ご挨拶・柳家権太楼
開口一番柳家小多け・手紙無筆
柳家さん光・新聞記事
柳家権太楼・居残り佐平次
<仲入り>
柳家権太楼・幽霊の辻(ゆうれんのつじ)
<ちょっと一服>
藪入り
お囃子・大田その
この会は、一番最初に伺って、大ネタばかり4席も!
と驚いた記憶がある。
どうやらその後も4席ということだったようだが、今回は(いつもは入らない)前座も入って3席。

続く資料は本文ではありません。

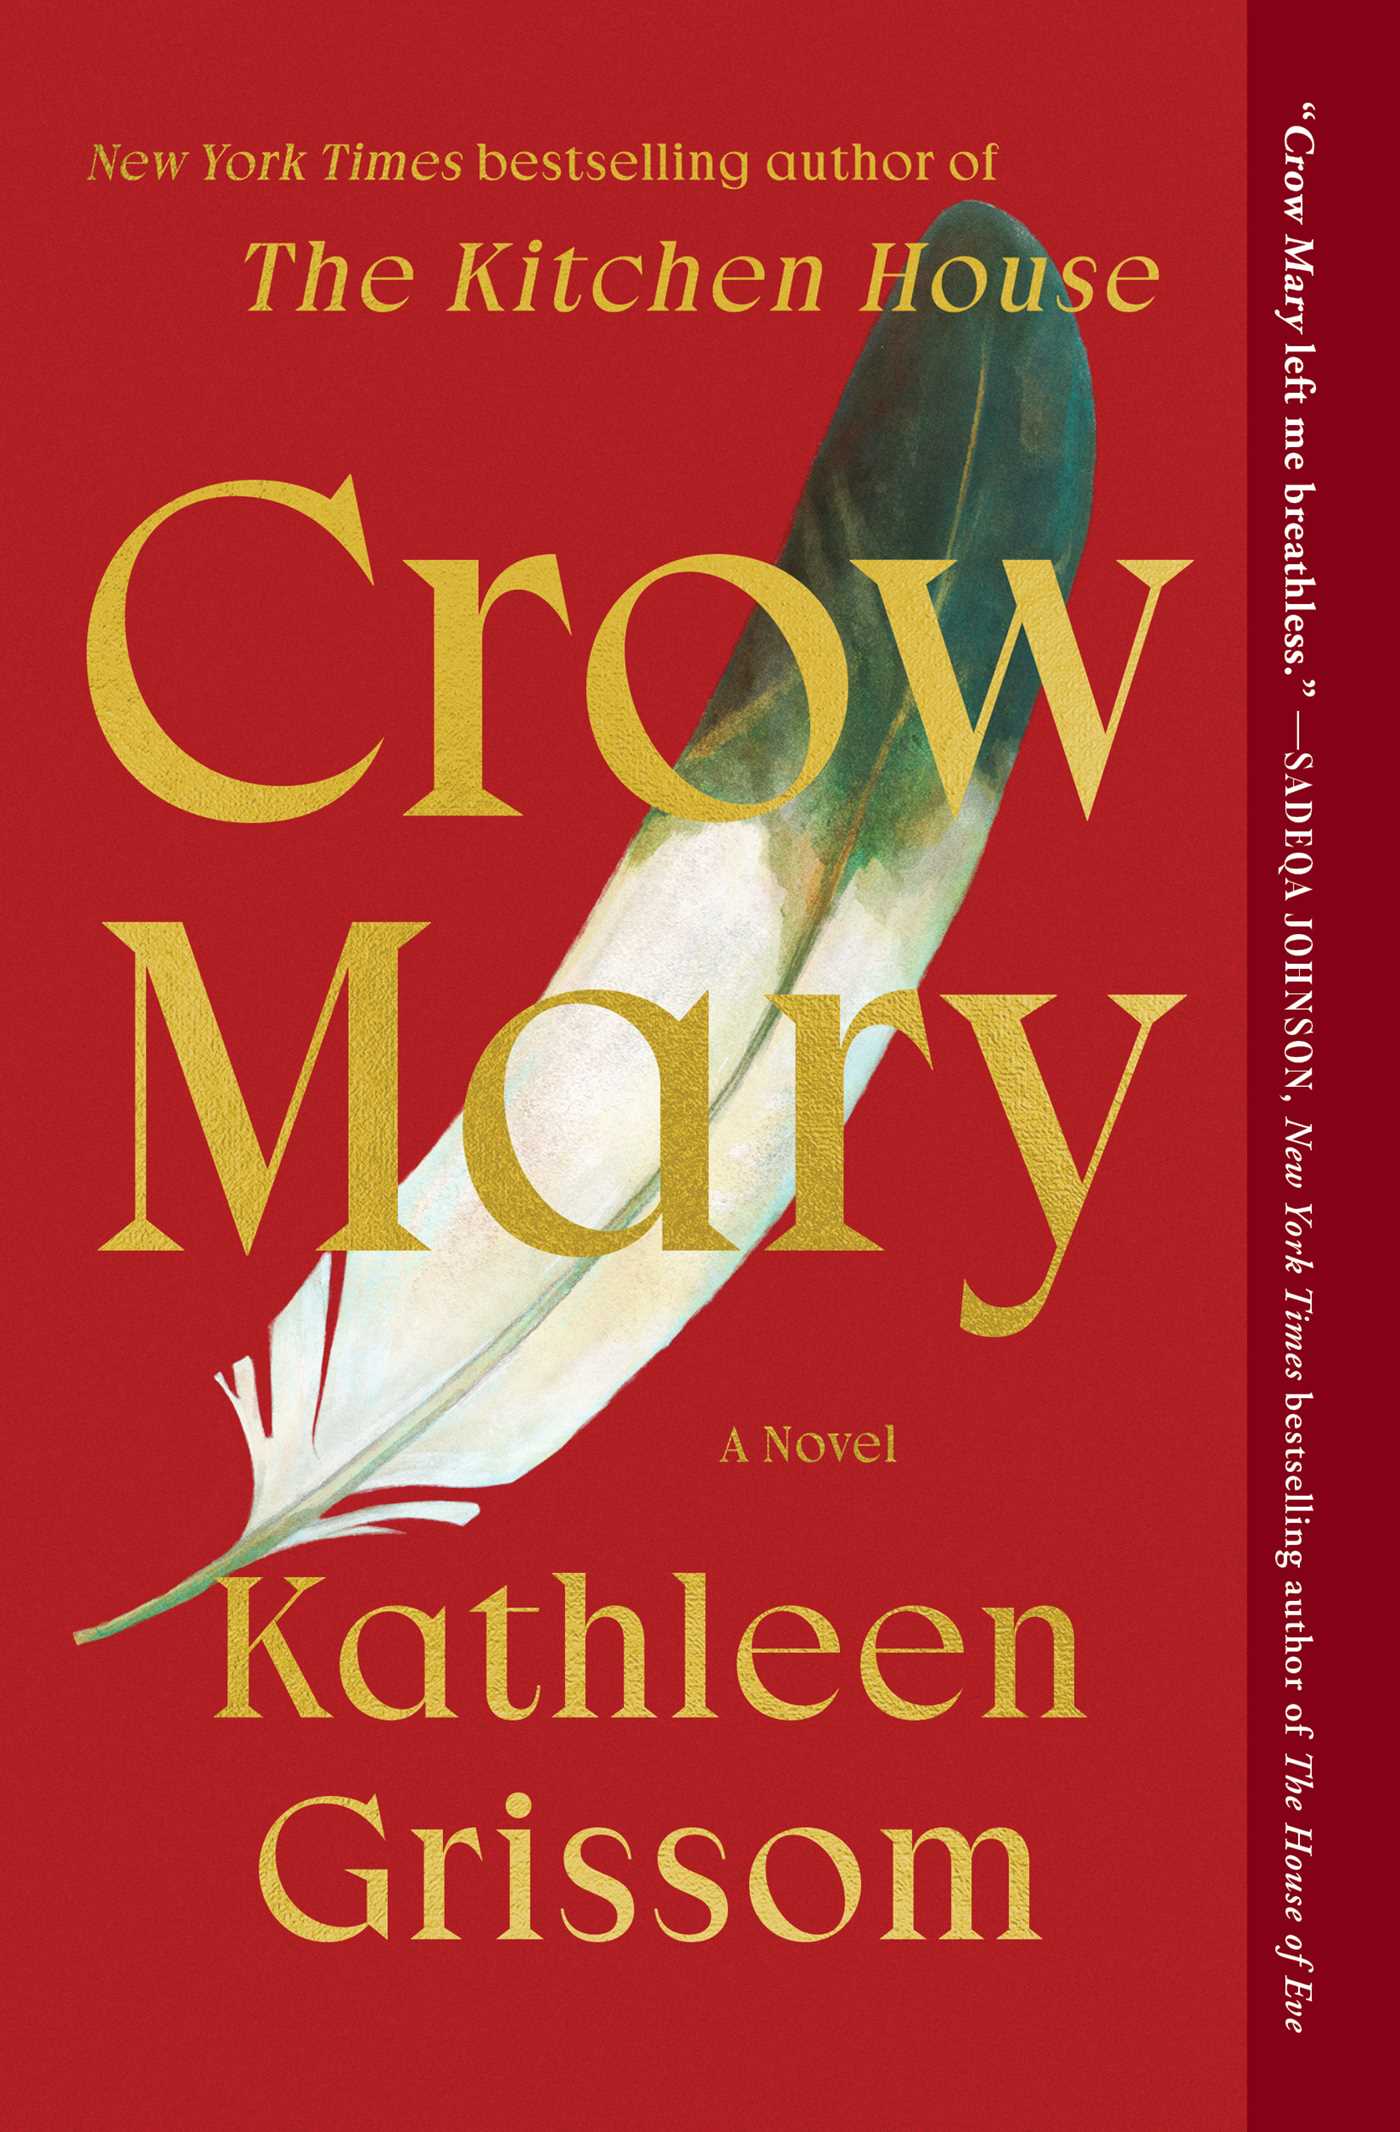 Image de couverture de Crow Mary [electronic resource] : A Novel

そのかわり、初めにそのあたりの経緯を含めたトークが入る。
毎回4席というのは、どう考えても負担が大きいから、今後は3席にすればいいのに・・と個人的には思う。
トークが終わって、師匠自ら高座返し。
走って上がった小多けくん、やりにくかったでしょうね。。。
「居残り佐平次」は、権太楼師の明るさが、この男のうさん臭さの邪魔をしている感じがした。
(うさん臭い感じは、喜多八師のがすごく感じた)
この噺も、そして「藪入り」も、背景がもはや完全にファンタジーで、
観客に伝えるのが難しくなってきてるんでしょうねぇ・・、
権太楼師匠も、このほかに「野ざらし」、「湯屋番」なんて寄席の定番だったネタを、いまやる人が減ってる、という。
お客が理解できなくなっているから、説明しなくちゃいけない。そうなると、もうめんどくさい・・ということになる。
品川の、大店に上がって無銭飲食のあげく居残りをしながら祝儀を稼ぎ、凶状持ちと主人を謀って大金をせしめてはい、さようなら・・と唄うのは
裏~の、背戸や~~で、ちょいと竹掛けて・・・
と、呑気だ。
サゲは、「居直りまでさせられる」。
(この日の三席とも、サゲは独自のものになっている。)
「幽霊の辻」では、
先日さん光さんが掛けられたときに話されていた、新米のお囃子さんネタで、
なんと、そのお囃子さんの失敗の実演をおその師匠に、高座から指示して、現実にやらせる、ということを!
いやぁ、めったに拝見出来ないことでした。
この噺は、桂枝雀のために小佐田定雄氏が創られたもので、
それを権太楼師が東京のものにアレンジしている。
怖いけれど、可笑しいという、爆笑落語だ。東京ではまさに権太楼師の独壇場。
サゲは、「お化け屋敷の出口は向こう」。
あれ?これは、アトラクションだったの??というサゲ。
「藪入り」は、先日ネタ下しで聴いている。
プログラムに、三代目金馬の「藪入り」への思いが綴られている。
今の観客にどう伝えるか、そうとう悩まれたのだと思う。
それで、サゲも変えているし、仕込みに説明を入れるはずだったのを、飛ばしてしまった・・とは、御本人の談。
全力投球の高座だったが、まだネタ下しから日が経っていないので、口なじみはないだろう、何カ所か言い間違えもあったりして、
まだまだこれから練られていくのでしょう。
何はともあれ、長講、3時間超え、お疲れ様でした。